By Steven Reinberg
TUESDAY, Jan. 19, 2016 (HealthDay News) -- Families of patients dying of cancer felt their loved one had better care and quality of life when they died in a hospice rather than in a hospital's intensive care unit, a new study reveals.
Relatives reported a better end-of-life experience more often when their loved one received hospice care for more than three days (59 percent) than those who received hospice care for three or fewer days (43 percent). Moreover, only 45 percent of families reported excellent care when the patient was admitted to a hospital intensive care unit (ICU) within 30 days of dying, the researchers found.
"Our findings are a powerful argument for the importance of advance care planning," said lead researcher Dr. Alexi Wright, an associate professor of medicine at Harvard Medical School in Boston.
How and where people die strongly shapes patients' dying experience and how family members remember it, she said.
"In this study we found that patients' preferences influenced the care that they received. Now we need to ensure that patients and their family members have the information they need to make choices about their end-of-life experiences and plan for it," Wright said.

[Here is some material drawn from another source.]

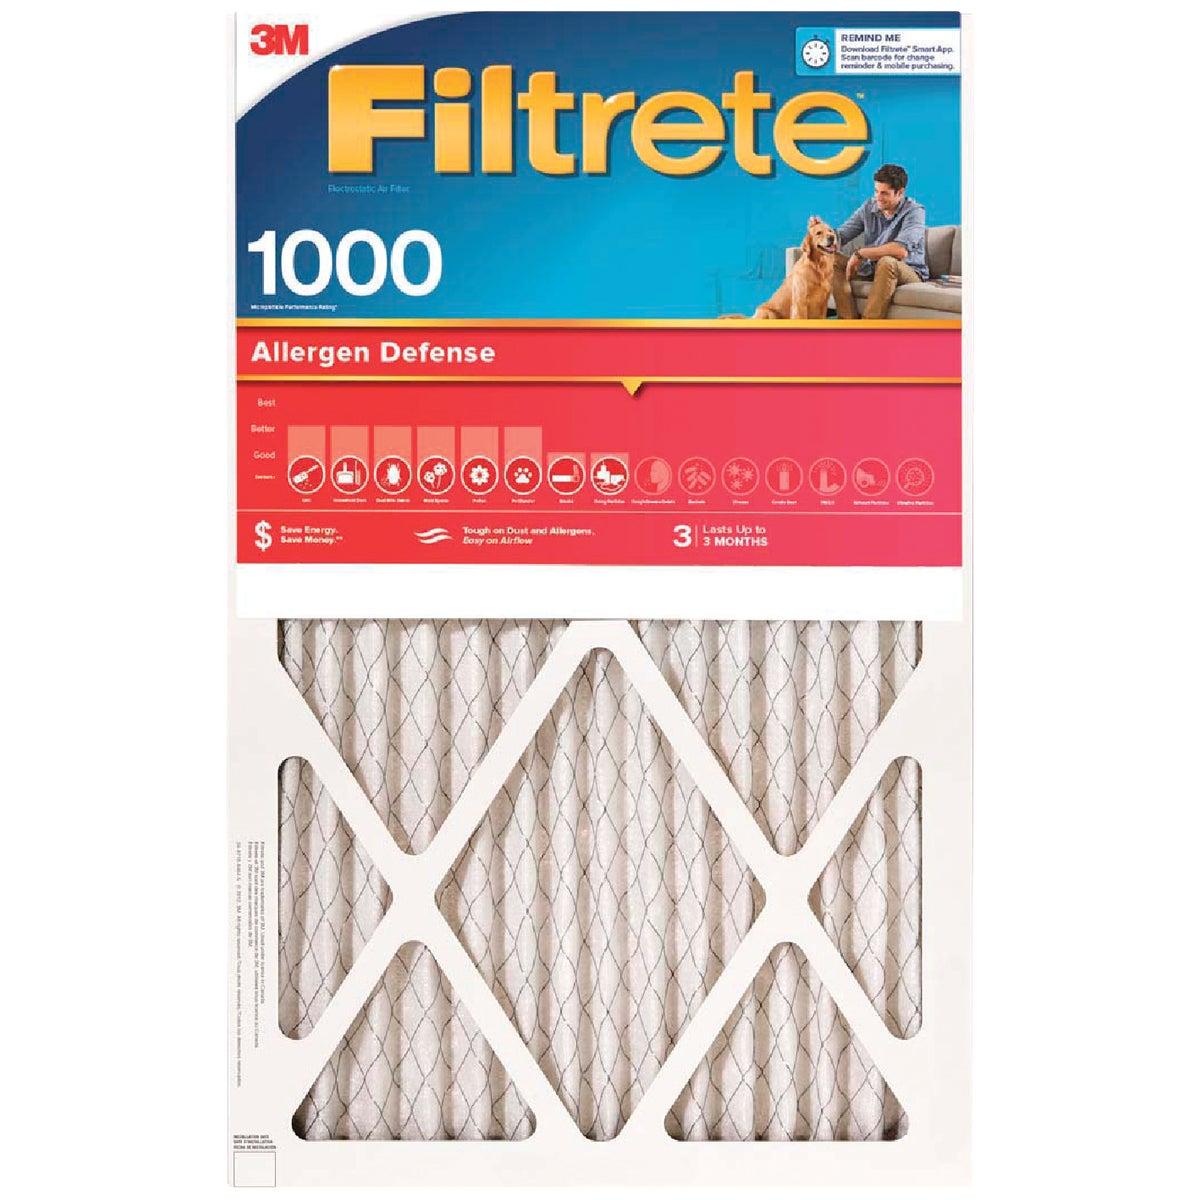 3M Filtrete 14 In. x 24 In. x 1 In. Allergen Defense 1000/1085 MPR Furnace Filter

The report was published Jan. 19 in the Journal of the American Medical Association, a special themed issue on end-of-life care.
For the study, Wright and her colleagues collected data on more than 1,100 cancer patients. The investigators used data from interviews with family members of Medicare patients with advanced lung or colon cancer from a study of patients who died by the end of 2011.
The researchers also found that only 42 percent of families of patients who died in the hospital said their loved one had excellent end-of-life care, compared with 57 percent of families whose loved ones died at home or in a hospice.
In addition, family members of patients who did not receive hospice care or received three or fewer days of hospice care were less likely to report the patient died in their preferred location (40 percent) than those who received hospice care for more than three days (73 percent).
"Efforts to increase earlier hospice enrollment and avoid ICU admissions and hospital deaths are important areas to focus on to improve the quality of end-of-life care," Wright said.
Dr. R. Sean Morrison is director of the National Palliative Care Research Center. He suggested that "patients who have access to hospice care have a better quality of death and a more peaceful death than patients in hospitals."
One reason is that hospice care takes into account patients' values and goals and matches treatment accordingly, explained Morrison, who is also professor of geriatrics and palliative medicine at the Icahn School of Medicine at Mount Sinai in New York City. "Hospice also provides an added layer of support to the family," he said.
In addition, hospice provides home care for patients who prefer to die at home, Morrison said.
That so many family members report a poor quality of death for their loved ones "should be a wake-up call," he said.
"If 50 percent of Americans said they were unhappy with their hip replacement, that would be a national outrage," Morrison added. "The same should be said of the care of people at the end of life -- we have to be able to do better."
Hospice care is available to most patients and most hospitals have palliative care teams, said Dr. Joan Teno, a professor of medicine at the University of Washington in Seattle.
"Now we have to focus on changing physician behavior to improve quality of care," she said. At the end of life, doctors need to take patients' values and goals into account, Teno said.
In her recent study, Teno found that only one in five family members of someone who died in an ICU said that care was consistent with their preferences. "Care that is not consistent with your preferences is a sign that the health care system is breaking down. We really have to align care with preferences," she said.
Moreover, hospice care needs to start earlier, not just in the last three days before dying, Teno said.
"We have to start paying doctors not for procedures in the ICU, but for quality," Teno said. "The key is -- were patients informed about their prognosis, their treatment options, and was the care consistent with their goals and values?"